Rotation Rotation

Time flies, doesn’t it? It feels like only yesterday I was writing a blog welcoming new FY1s to AMU, but the rotation is already coming to an end.

I hope those of you who have spent the first four months of your careers on AMU enjoyed your time with us and that at least a few of you are already thinking about coming back!

But I’ve been thinking a lot about the job our FY1s do and wanted to put some of those thoughts into words here in this blog.

You see, a few weeks ago, my consultant and I had a very productive Monday morning on AMU. Well over half the patients we saw on the ward round were potential discharges. The hospital was – as always – very full, and we were delighted that we had the chance to create some movement. After our board round, I had a rapid lunch and headed across to AECU for a very busy but equally productive afternoon. Flow was flowing. A&E was emptying (a little). It was the kind of day acute medics really like.

When I popped back to AMU later that day, I could see how hard the AMU FY1s had been working to make some of those discharges happen. Conversations with relatives, referrals to other specialties, endless admin… and yes, as always, those pesky TTAs.

This isn’t particularly glamorous work. And – unlike draining an abscess or giving an anaesthetic – the benefit to patients is not immediately obvious.

As an FY1 on AMU, you don’t see the ambulance queue shrink when you discharge a patient and clear a bed space. Nor do you see the person at home receiving care from a paramedic crew that you helped get back on the road. The enormous impact you have – not just on your own patients, but on the care of patients you may never even see – is largely invisible.

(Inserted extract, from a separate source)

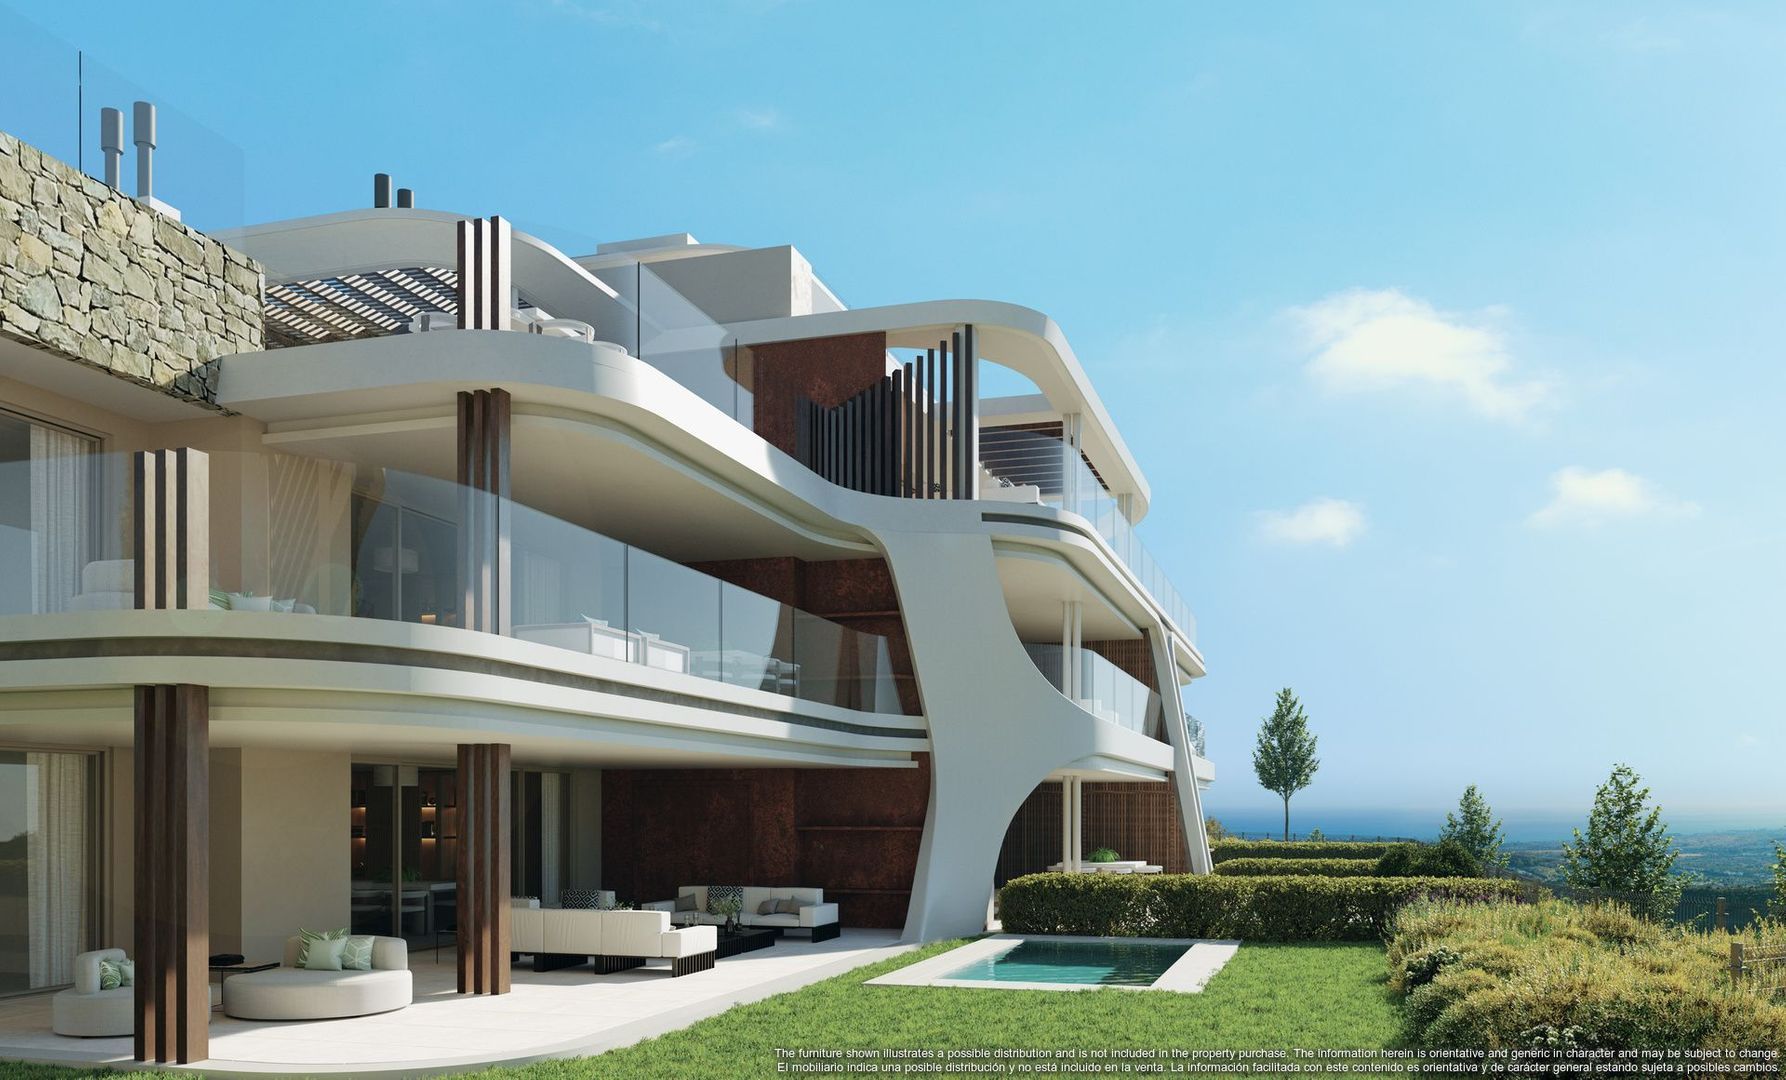 This latest development raises the bar for luxury living in Marbella, Benahavis foto-8

I think that’s such a shame. I do try and tell our FY1s how much we value and rely on their hard work. How crucial they are to the smoothing running of our acute service. Even when it doesn’t feel that way.

Now, none of this detracts from the very real issues resident doctors face on medical jobs across the UK: the bullying, the death of training opportunities, the shifts that run hours late with alarming regularity. These are problems we as an acute medicine community need to recognise and address. I wouldn’t want anyone to think that I think thanking the FY1s makes up for that.

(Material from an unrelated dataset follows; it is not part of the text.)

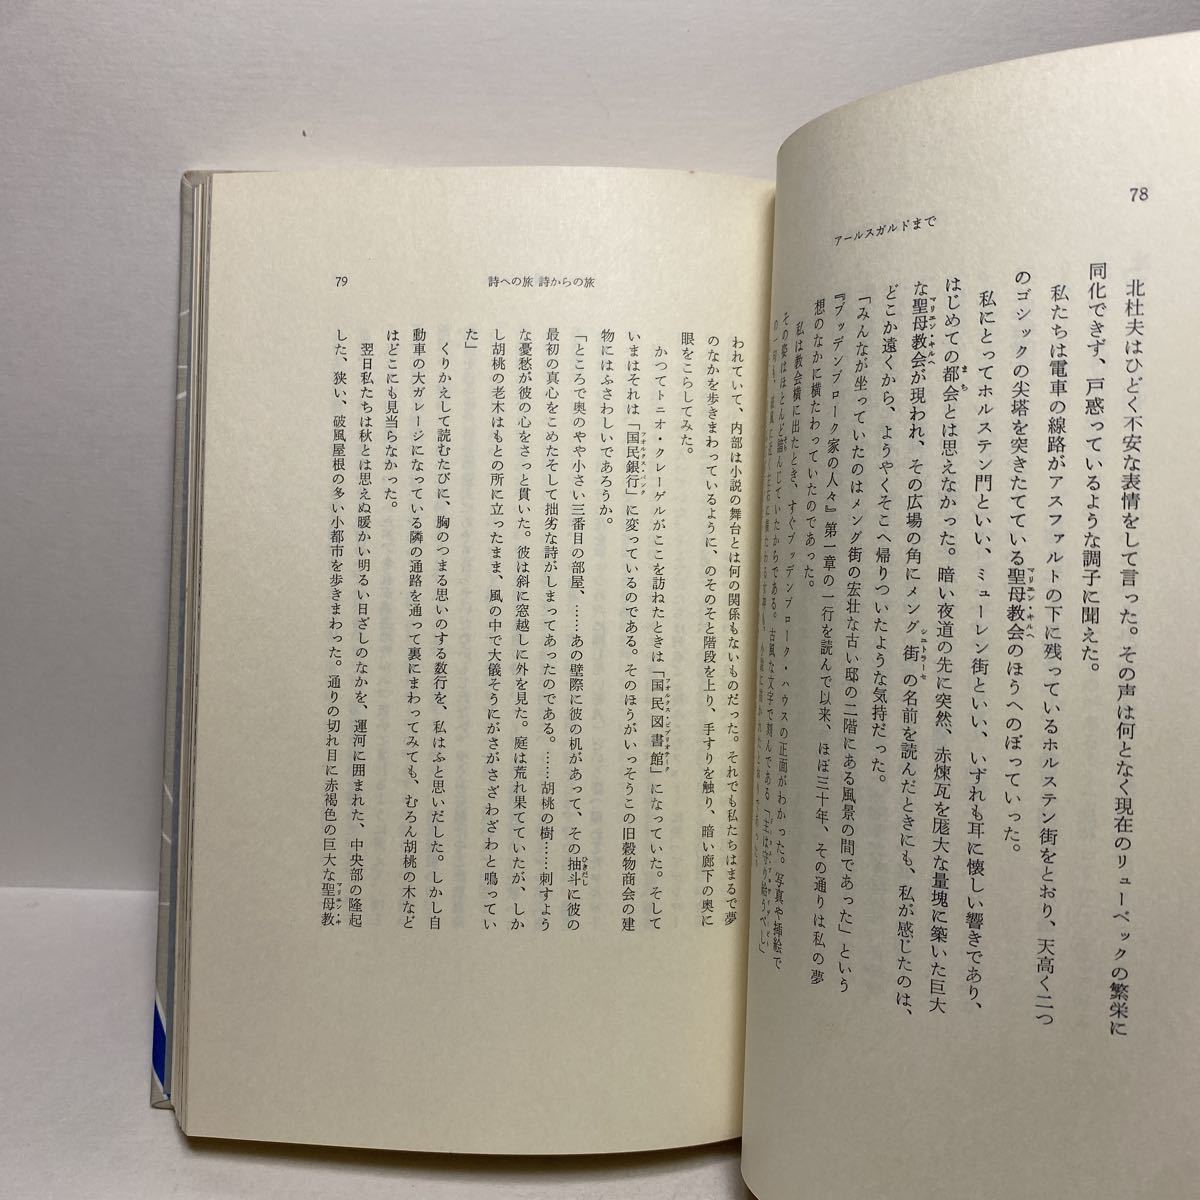 i7/ поэзия к . поэзия c . Tsuji Kunio .. книжный магазин 1974 год первая версия стоимость доставки 180 иен ( Yu-Mail )③

I just don’t think that should stop us thanking them anyway.

So thank you to all you AMU FY1s who’ve been putting in the hard graft for the last 16 weeks. For those of you who didn’t really enjoy it, I hope your next placement gives you a different perspective and opens some different doors for you.

And for those of you who enjoyed it more than you were expecting…

Have you ever thought about a career in Acute Medicine?